Но все забылось с тех пор, как цесаревна Елизавета получила слободу в вотчину. Перед окнами дома ее – площадь, где базар, а там ветлы шумят и качели взлетают. Соберет она баб да девок, обнимет Марфу Чегаиху, подругу деревенскую, и поют – до слез. На святках ряженые придут – угощенье бывает: пряники-жмычки, стручки цареградские, орехи каленые, избоина маковая. А коли выпьет царевна, то подол подберет да пойдет вприсядку…

Был при Елизавете и придворный штат, как положено. Даже свой поэт был – Егорка Столетов, музыкант и любовных романсов слагатель. Сядет он вечерком за клавесины и поет:

– Да замолкнешь ли ты, скверна худа? – кричит Елизавета. – Алешенька, друг милый, дай ты ему по шее… Чего он воет?

Алешенька – новый друг цесаревны. С тех пор как Сашку Бутурлина в Низовые полки выслали, пошла любовь горячая от сержанта Алексея Шубина, помещика села Курганиха, что в шести верстах от слободы Александровой…

– Тоска-то какая, господи! – жаловалась Елизавета по вечерам. – И куда ни гляну, одни рожи каторжные вижу…

В самом деле – и Егорка Столетов и Ванька Балакирев были драны еще при батюшке крепко, в Рогервике сиживали, из моря камни доставали и в бастионы их складывали. Елизавета обоих (и шута и поэта) не шибко жаловала.

– Изюмцу хочу, – капризничала. – Изюмцу бы мне!

– А где взять-то? – вопрошал Шубин. – Я не побегу… Эвон сколь бездельников по лавкам лежат. Пусть Егорка и стегает!

– Я, – обиделся Столетов, – весь в думах пиитических пребываю. Мне то неспособно. Пусть Балакирев лупит, ноги-то бойкие!

Иван Емельянович Балакирев, услыхав, что его посылают, пихнул с лавки Лестока – хирурга цесаревны:

– Отъелся, как свинья на барде. Сбегай, или не слышал?.. Тебе, французу, не впервой на собак наших сено косить!

Жано Лесток продел ноги в валенки. Побежал – принес изюму, вина, пряников. Снова раскидал валенки, один туда, другой сюда.

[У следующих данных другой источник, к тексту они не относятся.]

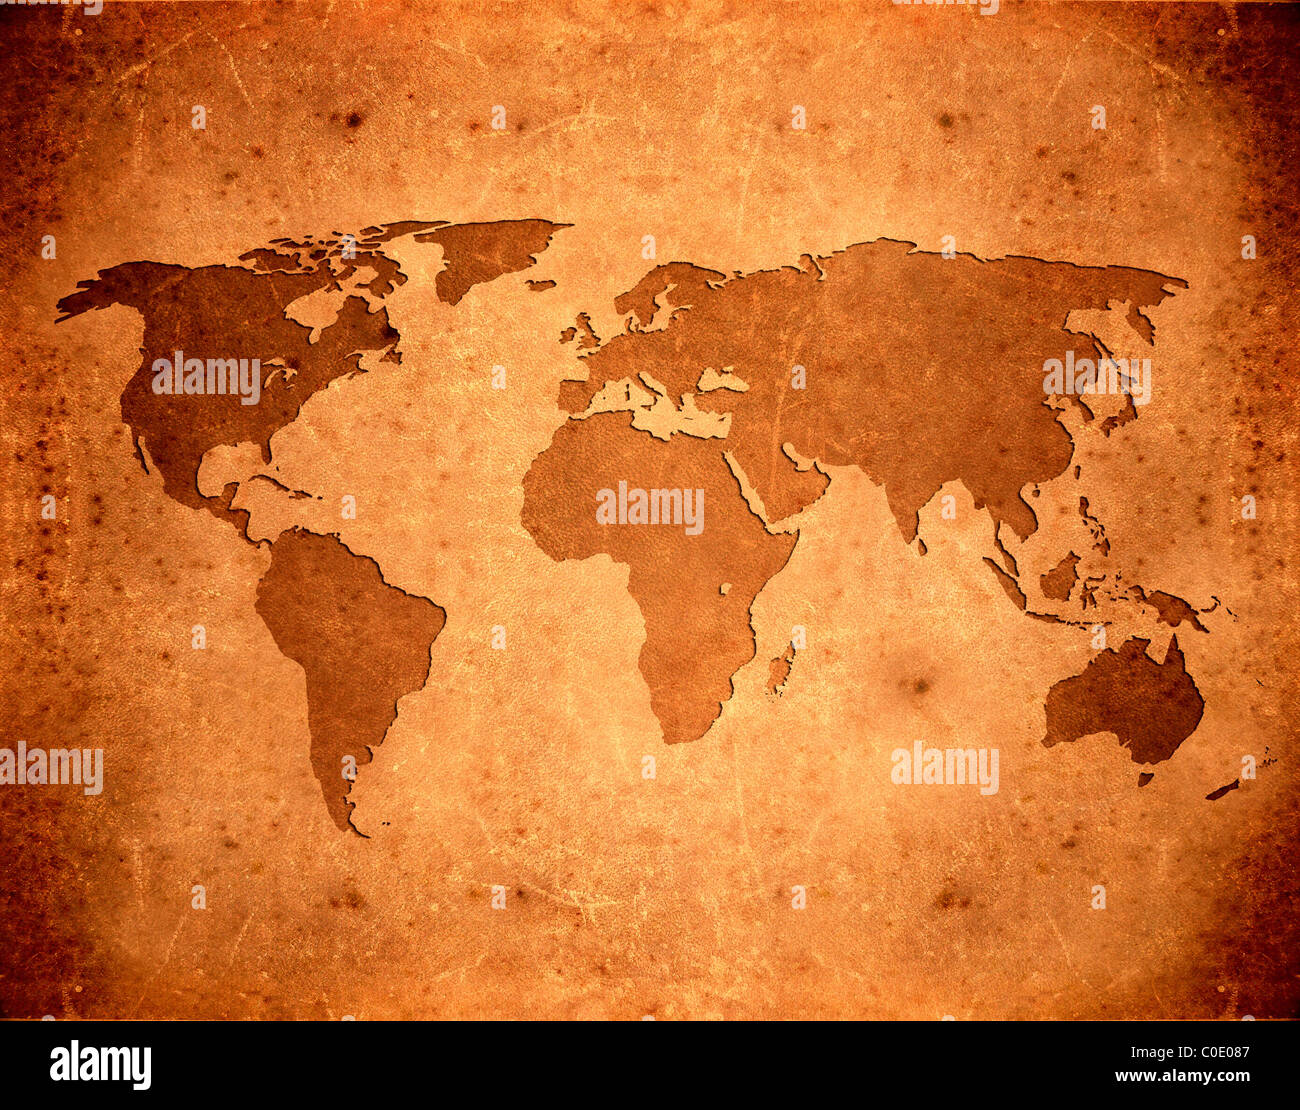 world map background Stock Photo

Цесаревна взяла изюминку, а Шубин рот открыл.

– Чай, сладкая попалась, друг мой Алешенька?

Балакирев, распахнув мундир полка Семеновского, гоголем прошелся через светелку:

– Чай да кофий – не к нутру: пьем винцо мы поутру.

– Коли делать нечего, – подхватил Шубин, – допиваем к вечеру… Разливай! Пьем да людей бьем.

Балакирев кулак поднес к носу Егорки Столетова.

– А кому это не мило, – сказал, – того мы – в рыло!

– Сядь, Емельяныч, – велела Елизавета. – От тебя у меня голова трескается и в глазах рябить стало…

– Я сяду, царевна-душенька. Ныне я, опосля каторги, тихий стал. Ныне мной – хоть полы грязные мой: сам выжмусь!

Забулькало вино. При сиянии свечей медью вспыхивали рыжие волосы цесаревны. Приплюснутый нос ее дрожал от смеха. Сидела среди мужчин в штанах солдатских, ногами болтая. Хмелела.

– У княжны Катерины, – рассказывала, – на животе вот такое пятно. И на месте видном. То не к добру ей… приметно!

– А у вас? – спросил Лесток. – Где у вас пятно?

Елизавета в лоб хирургу медовым пряником – тресь.





– Знаешь – так молчи! Не про тебя растут мои пятнышки…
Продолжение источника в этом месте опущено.